In Canada, paese molto sensibile alla protezione delle comunità, l’obiezione è arrivata al punto di considerare l’imposizione di questi comportamenti come un attentato ai diritti del soggetto autistico come tale. Bisogna partire dall’autismo per concepire apprendimenti appropriati e non imporre apprendimenti semplicemente ripetitivi. Tra le due posizioni radicali, gli USA e il Canada presentano tutta una serie di approcci misti che auspicano di allontanarsi da tecniche rigide, assimilabili ad un ammaestramento, per sollecitare le particolarità del bambino nell’estensione dello spettro degli autismi. Negli USA, le tecniche ABA sono piuttosto considerate come il passato.

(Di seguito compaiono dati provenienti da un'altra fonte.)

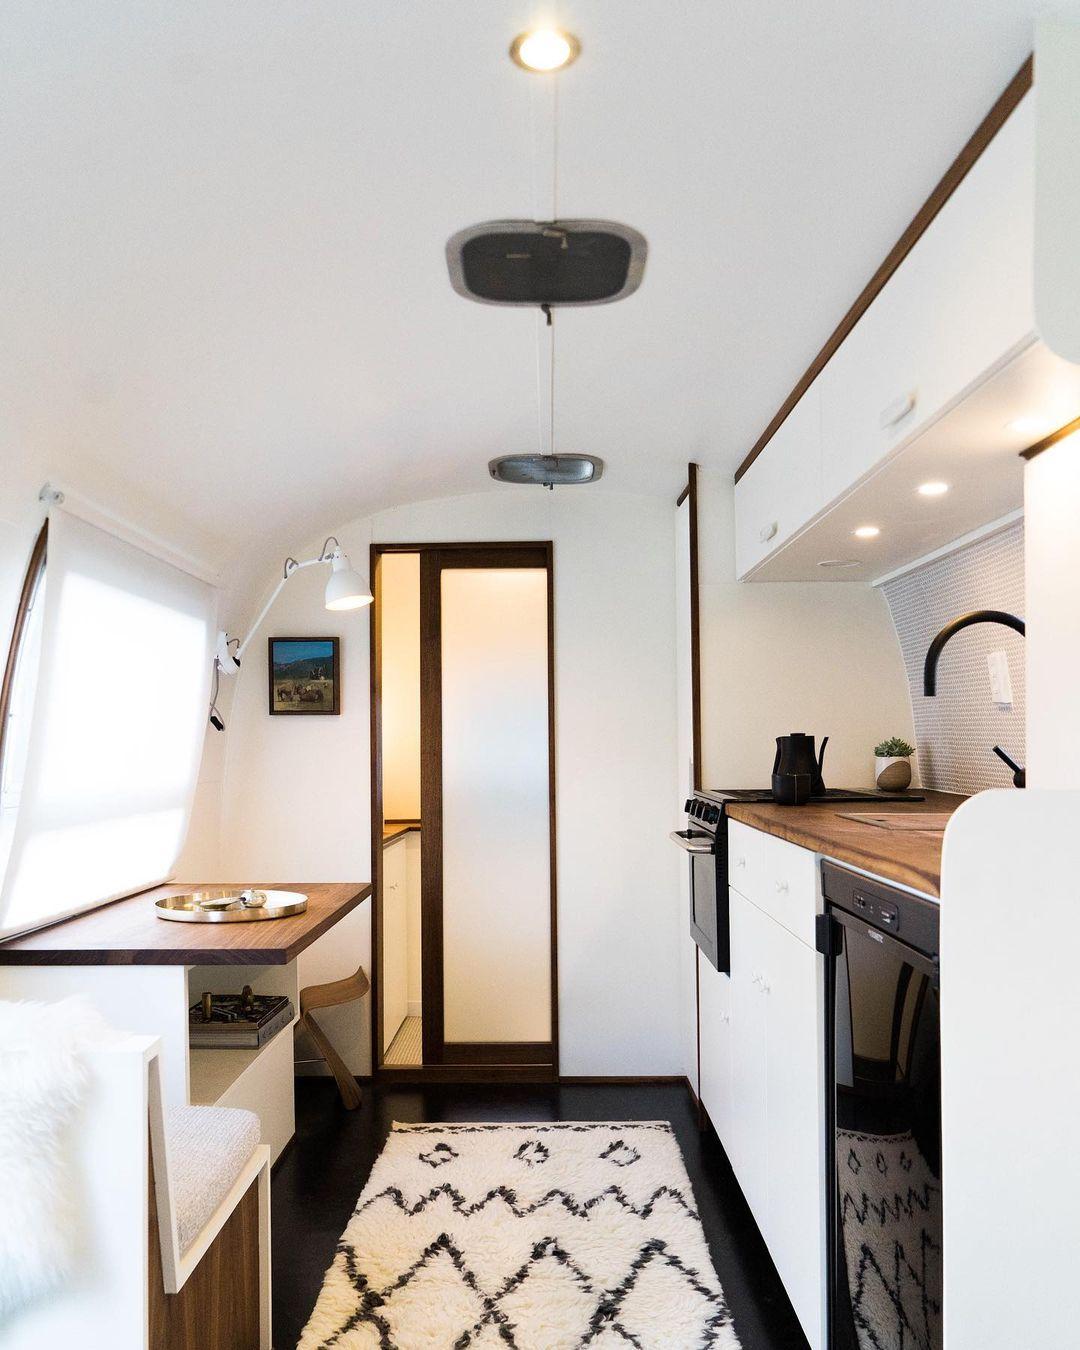 Airstream trailer Haus 1 - Interior designer turned heirloom Airstream into delightful home

L’obiezione è anche economica. Mentre i risultati dell’apprendimento intensivo si mantengono male al di là dello stretto quadro nel quale sono amministrati, il metodo suppone un educatore individuale a tempo pieno. Un trattamento standard è quindi stato valutato in 60000 dollari all’anno. Le associazioni dei genitori conquistate da tali metodi hanno cercato di farli rimborsare dagli Stati che, negli USA, sono già carichi di spese sanitarie. Sollecitata in tal senso, la California ha rifiutato questo rimborso, ed anche l’Ontario in Canada.

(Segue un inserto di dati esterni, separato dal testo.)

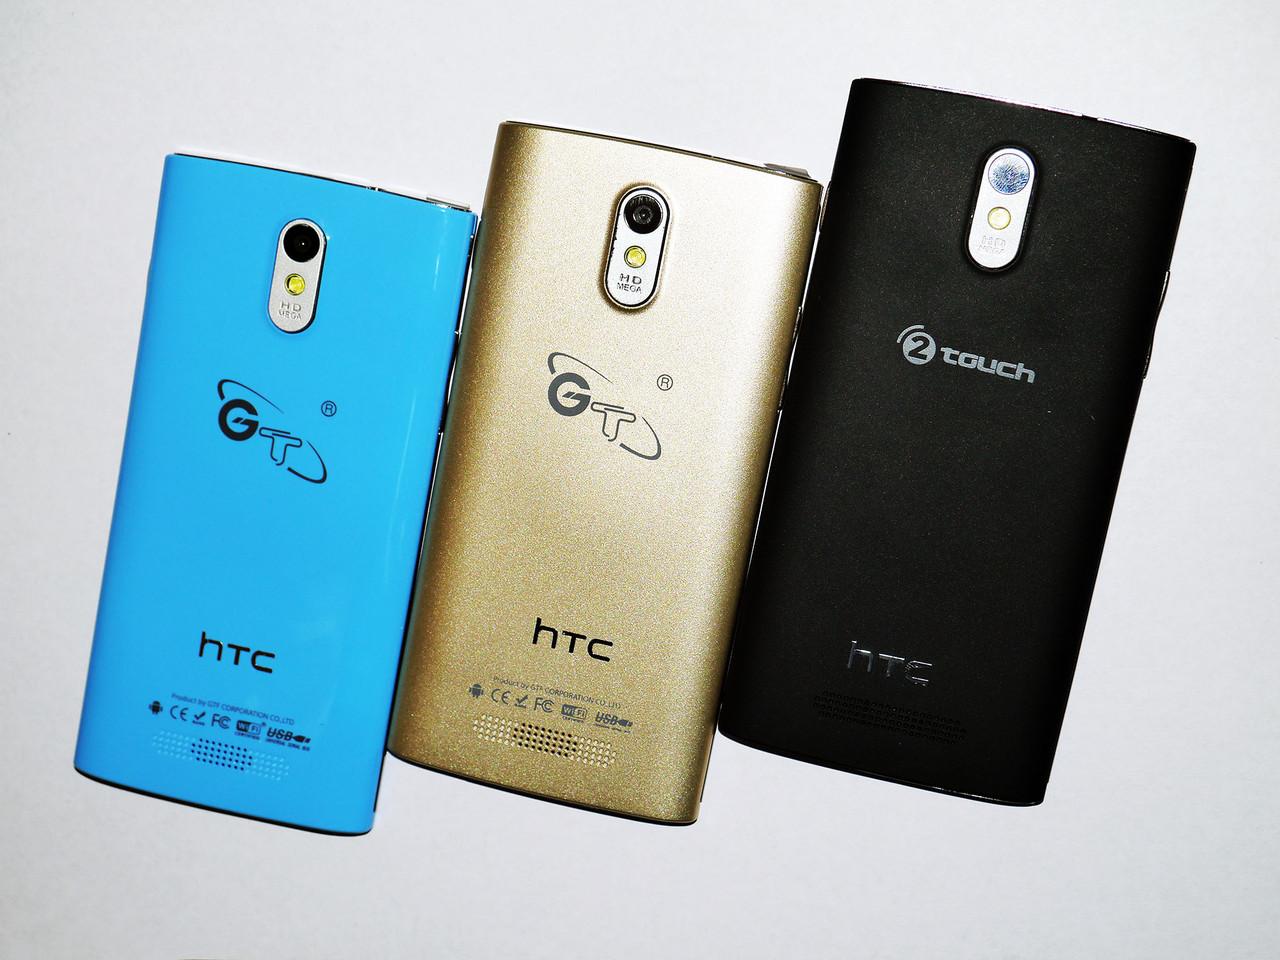 "HTC GT-M7 экран 4.5"" 4 ядра, WiFi, 2 sim, Android 4.2.2, камера 2MP"

La fiction de “Il Muro”, con le sue semplificazioni polemiche, fa dimenticare la pluralità dei punti di vista che la complessità dell’autismo produce. Questa pluralità la si ritrova nei commenti che il libello ha provocato. Lo stesso giorno, il quotidiano “Le Monde” e il suo supplemento erano su due lunghezze d’onda molto diverse, senza parlare di altri giornali. La realizzatrice del “Muro” evocava la simpatia dei giornalisti verso una dei loro, che si presentava come vittima di censura. Essa si presentava anche come documentarista, benchè sia una vocazione tardiva, ed anche come una delusa studente in psicoanalisi. Essa era in tutti i posti.

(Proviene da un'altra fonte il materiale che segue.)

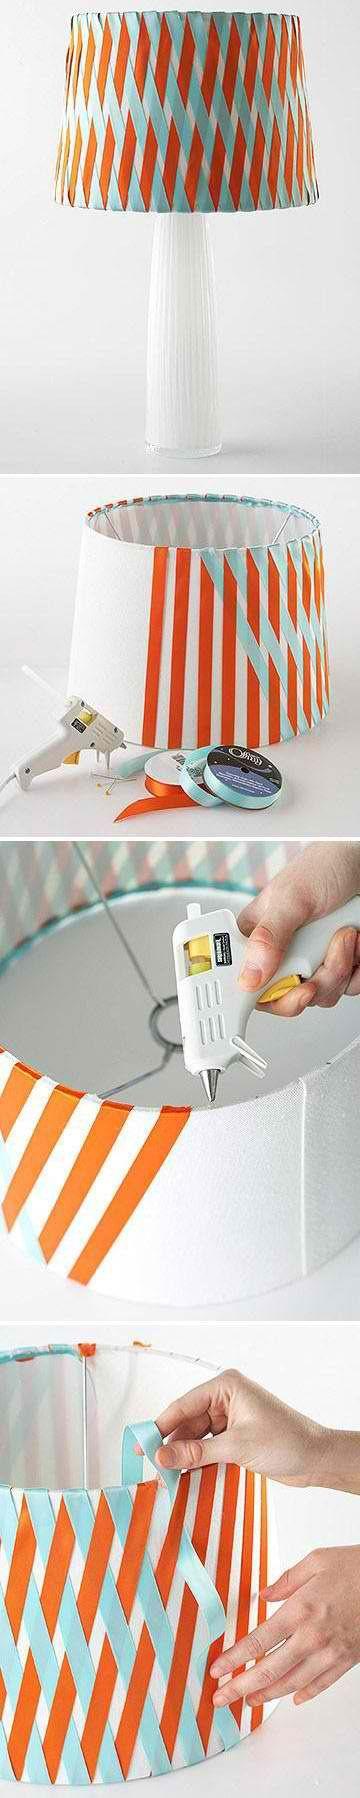 DIY Woven Ribbon Lamp Shade  #HomeandGarden

Nel “Supplemento di Le Monde”, una giornalista, che fino ad allora non si era occupata di questioni di salute mentale, è stata sedotta dalla tesi del libello. Niente della psicoanalisi trova più grazia presso di lei, e quando uno degli intervistati del film le dice esattamente le tesi che difende, lei lo trova di una “attitudine arrogante”. Nel giornale invece, Catherine Vincent, più agguerrita, fa riferimento alla pluralità degli approcci, all’ “appello dei 39” e sostiene un necessario eclettismo. Nell’ “Herald Tribune” un articolo riprende la storiella Francia-USA e s’inscrive nella fiction proposta. Nel frattempo, la parte americana della storia si andava precisando e la realizzatrice annunciava la sua presenza a Philadelfia al congresso ABA, giovedì 26 gennaio, dove essa auspicava di presentare il suo film, dopo un passaggio a New-York. Si può dubitare che il suo metodo possa convincere al di là degli adepti del “French bashing”. Negli USA, la differenza di opinioni è troppo radicata. Il giudizio reso dal Tribunale constata le cattive procedure utilizzate dai partigiani di una causa che appare loro buona e che giustificava qualsiasi mezzo. L’invocazione di Michael Moore da parte dell’avvocato della realizzatrice e della società di produzione, durante la loro dichiarazione di procedere in appello, non fa che rinviare alla fiction Francia-USA. Come primo saggio documentarista della nostra polemista, la maschera è un po’ pesante da portare.

(Traduzione di Maurizio Mazzotti)

 

[1]Psicoanalista membro dell’Ecole de la Cause Freudienne (ECF), ex presidente dell’Associazione Mondiale di Psicoanalisi (AMP).